I know what you mean.  When I make mac n cheese I eat the whole pot of it!!  That's why I hardly ever keep it here.


----------



## Cookie (Jun 30, 2016)

I do love pasta but don't keep much around these days. I prefer a very thin Capellini, with a light sauce for when I need a little boost of mood enhancing carbs.  Lately I've been sticking to my brown rice, sauteed tofu  and veggies, easy and nutritious for summer.  Winter its a different story when I crave my special spinach lasagna.


----------



## Lon (Jun 30, 2016)

Check out DREAMFIELD'S for a healthier pasta.


----------



## Lon (Jun 30, 2016)

http://www.trydreamfields.com/ppc_D...YIjfET3dcyitNTp7xf7t8EPOvoKt787PpMaAsSI8P8HAQ


----------



## Ruthanne (Jun 30, 2016)

Thanks for the link Lon.  Looks good!


----------



## Eric (Jul 18, 2016)

I like spaghetti and lasagna a lot.


----------



## SeaBreeze (Jul 18, 2016)

Butterfly said:


> SB -- every time I try wholewheat pasta it seems gummy and yucky.  Is there a trick to cooking it?  I like al dente pasta, but I can't seem to make the whole wheat ones come out that way no matter what I try.

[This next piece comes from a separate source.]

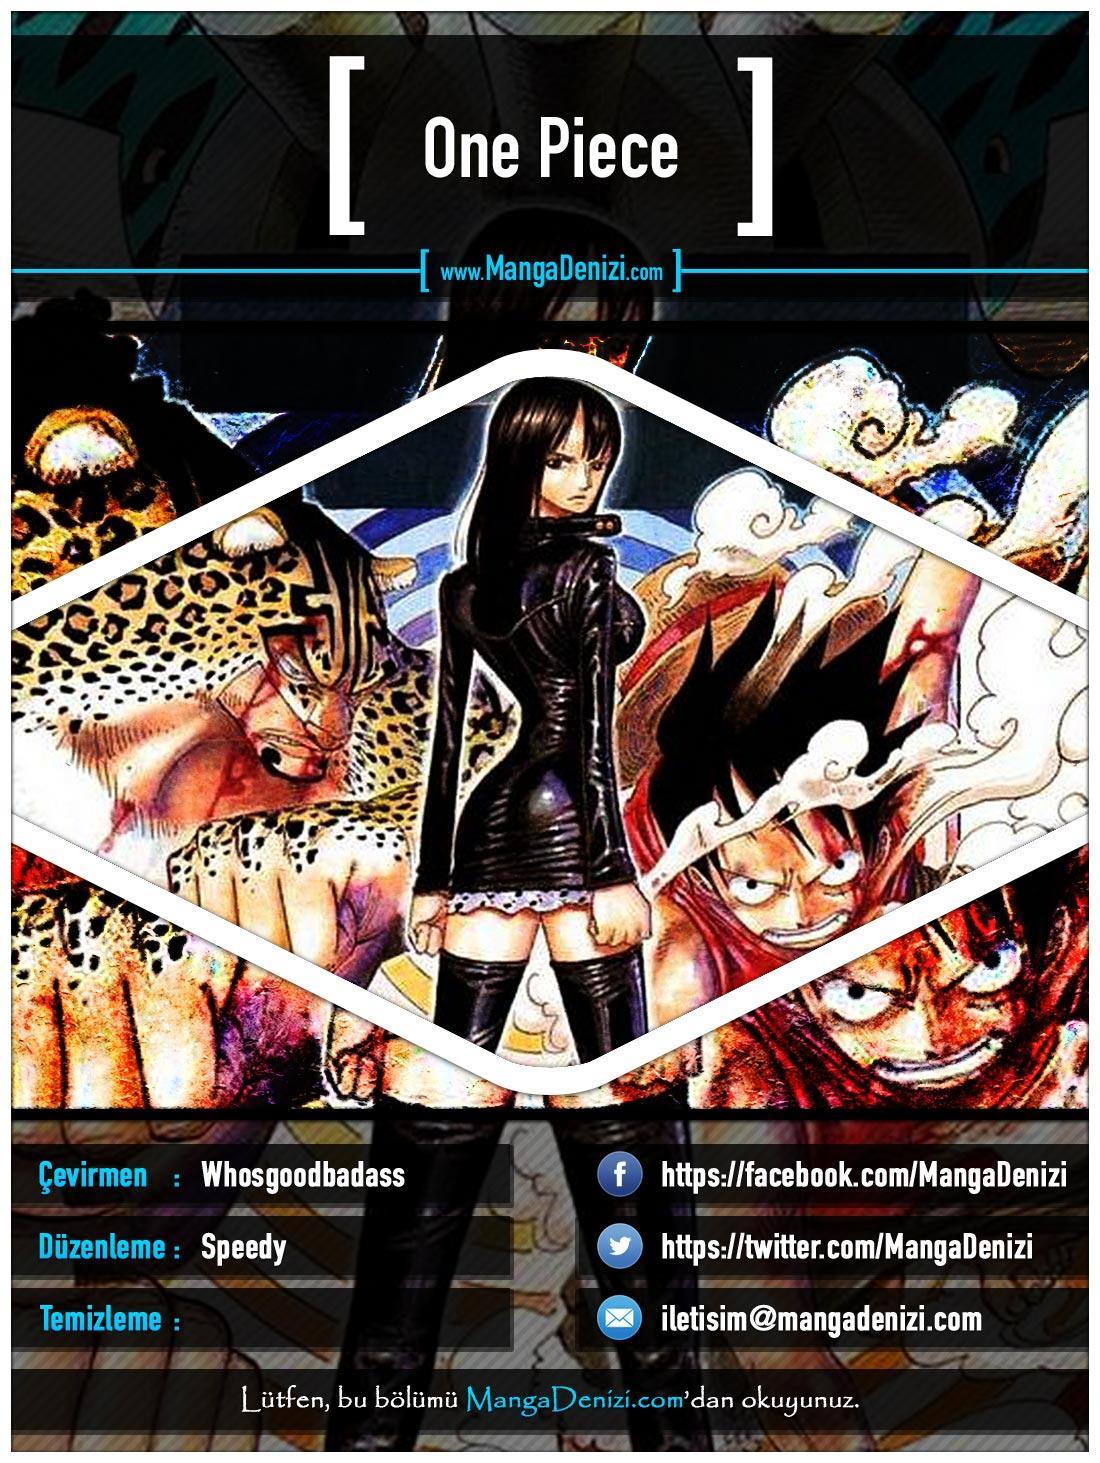 One Piece [Renkli] mangasının 0338 bölümünün 1. sayfasını okuyorsunuz.
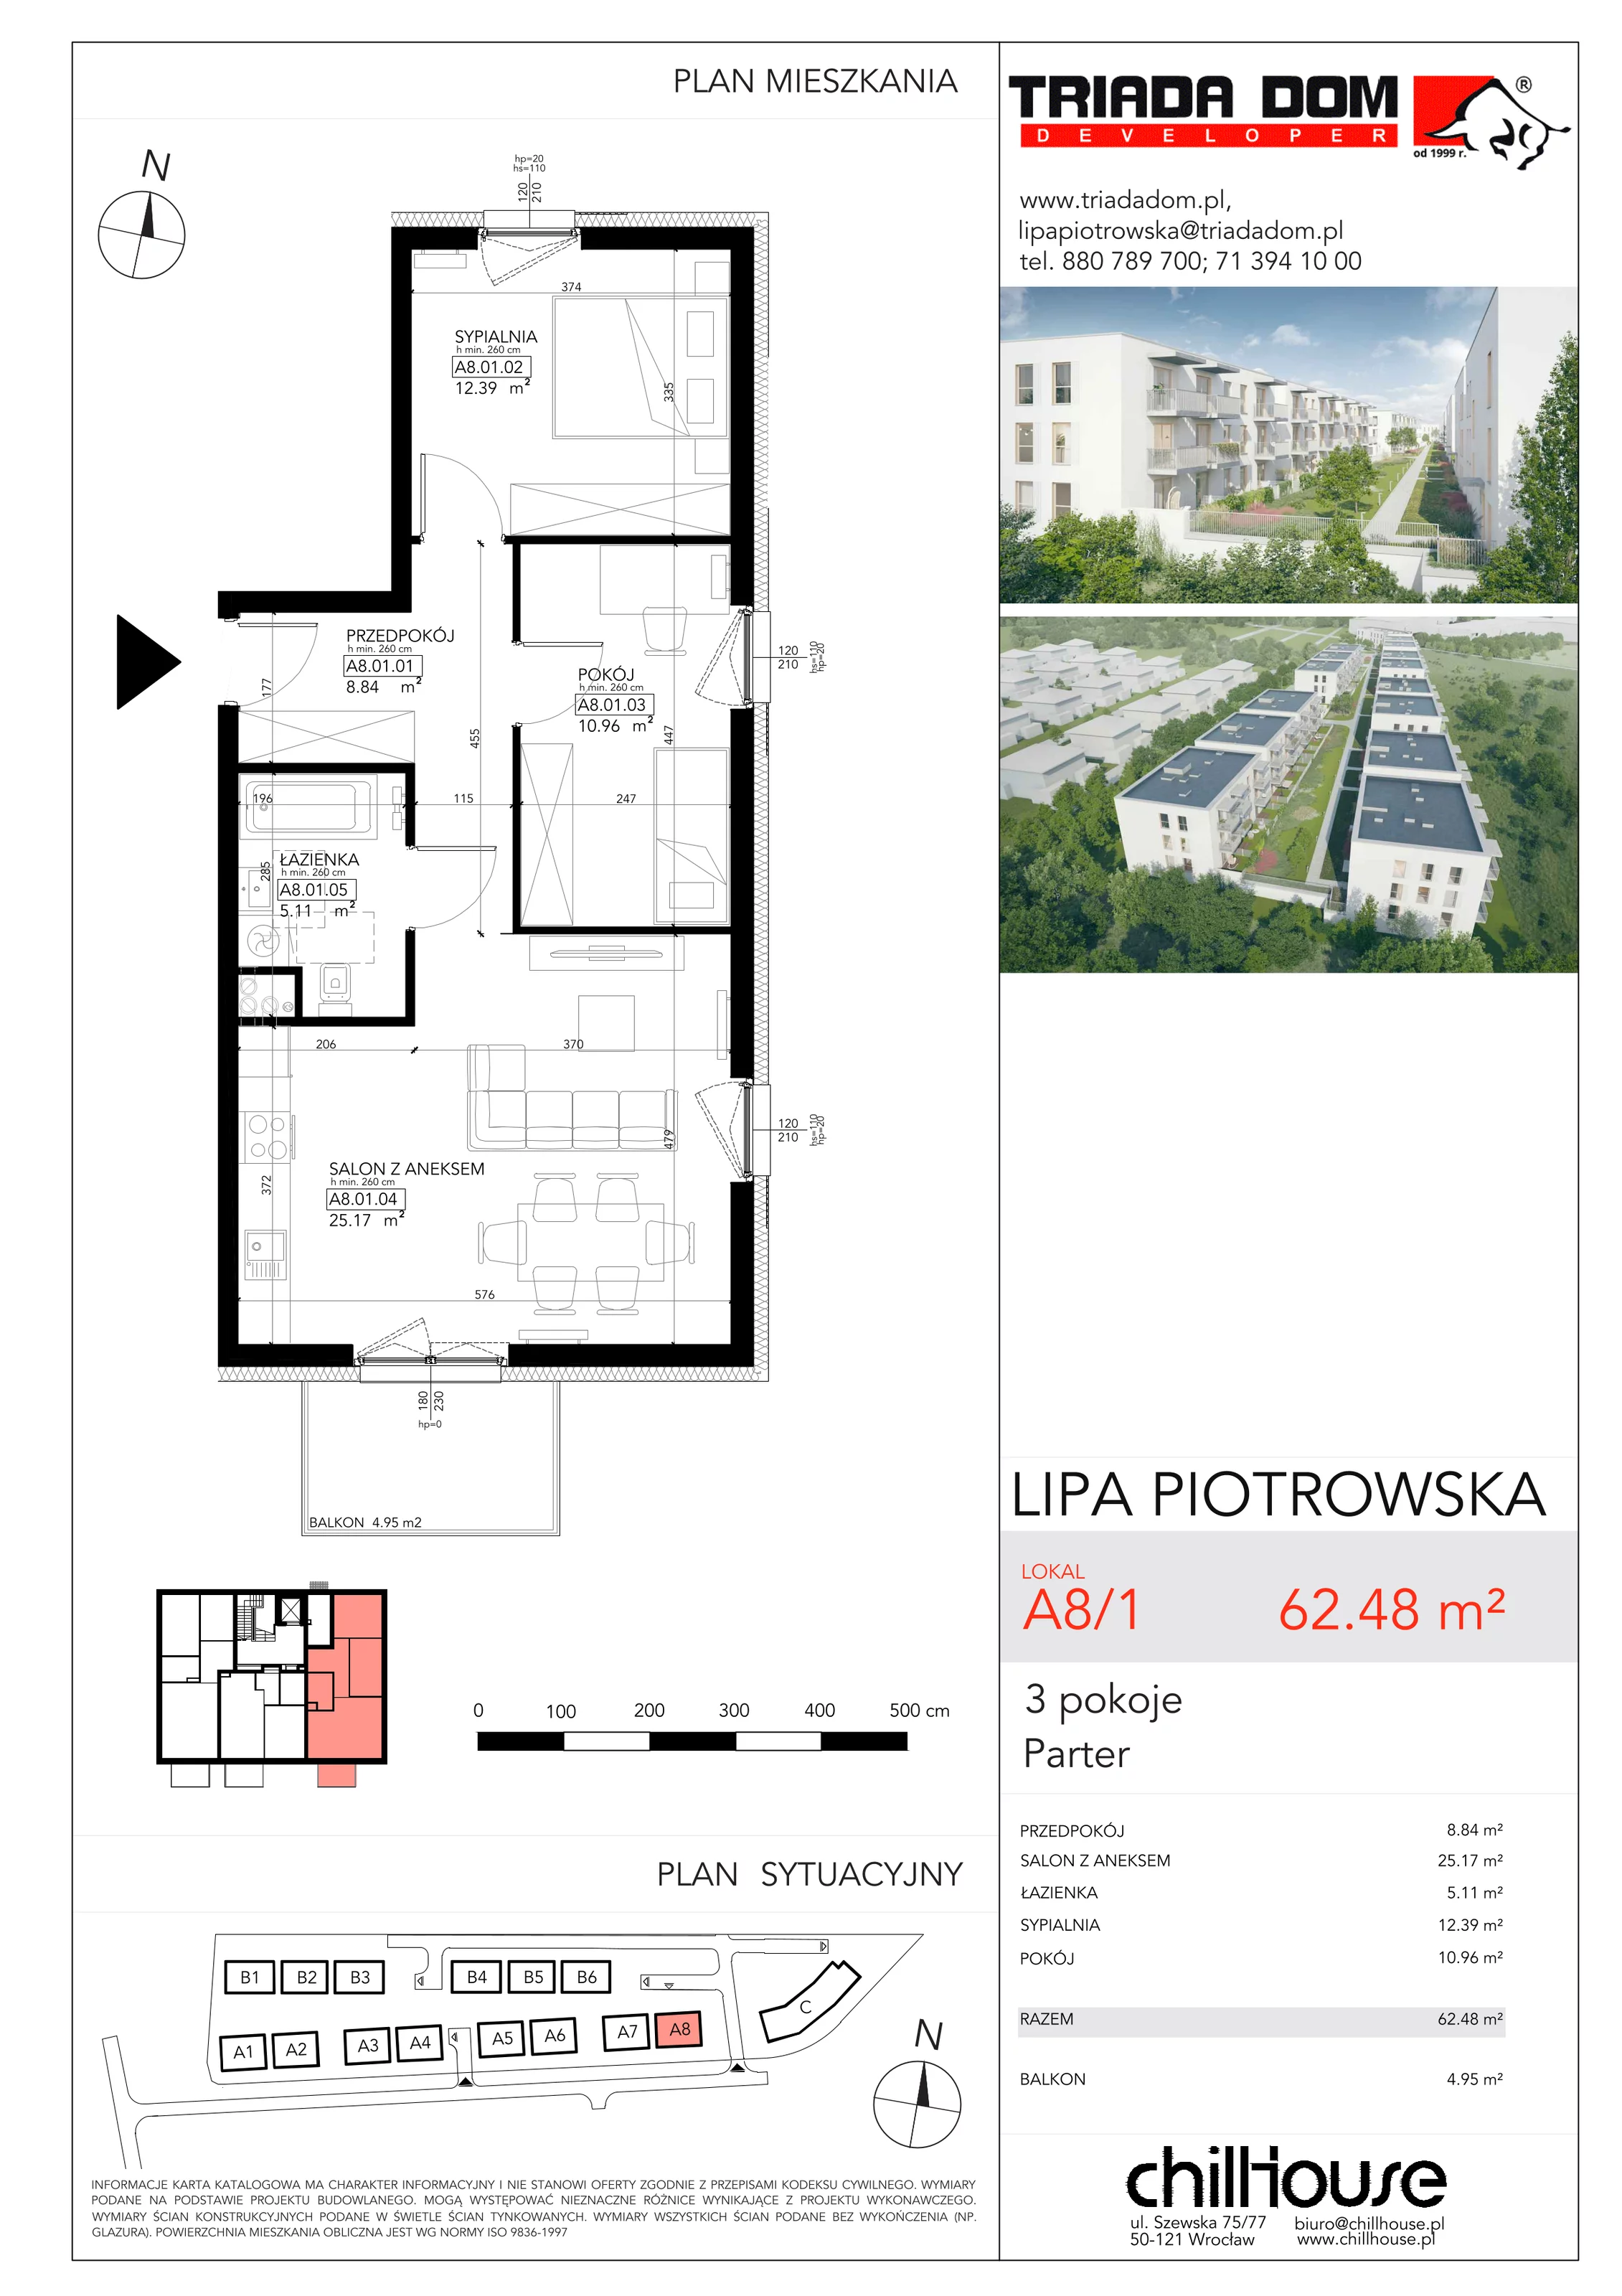 Mieszkanie 62,48 m², parter, oferta nr A81, Lipa Piotrowska, Wrocław, Lipa Piotrowska, ul. Lawendowa / Melisowa

Butterfly, I usually put a drop of olive oil and dash of sea salt in the water, wait unti it come to a full rapid boil and stir the spaghetti/pasta a couple of times while it's cooking.  Normally it's ready in around 13 minutes, no longer.  I start tasting strands at around 10 mins. just in case, we both like our pasta on the al dente side too.


----------



## chic (Jul 19, 2016)

I have it with stir fry. Pasta is from Asia anyway and tastes fine when served with Asian dishes.


----------



## QuickSilver (Jul 19, 2016)

I have been turning Zucchini and Yellow Squash into pasta using a veggie spiral cutter.   Of course it's NOT pasta.. but at least it looks like it and is much easier on the waistline.


----------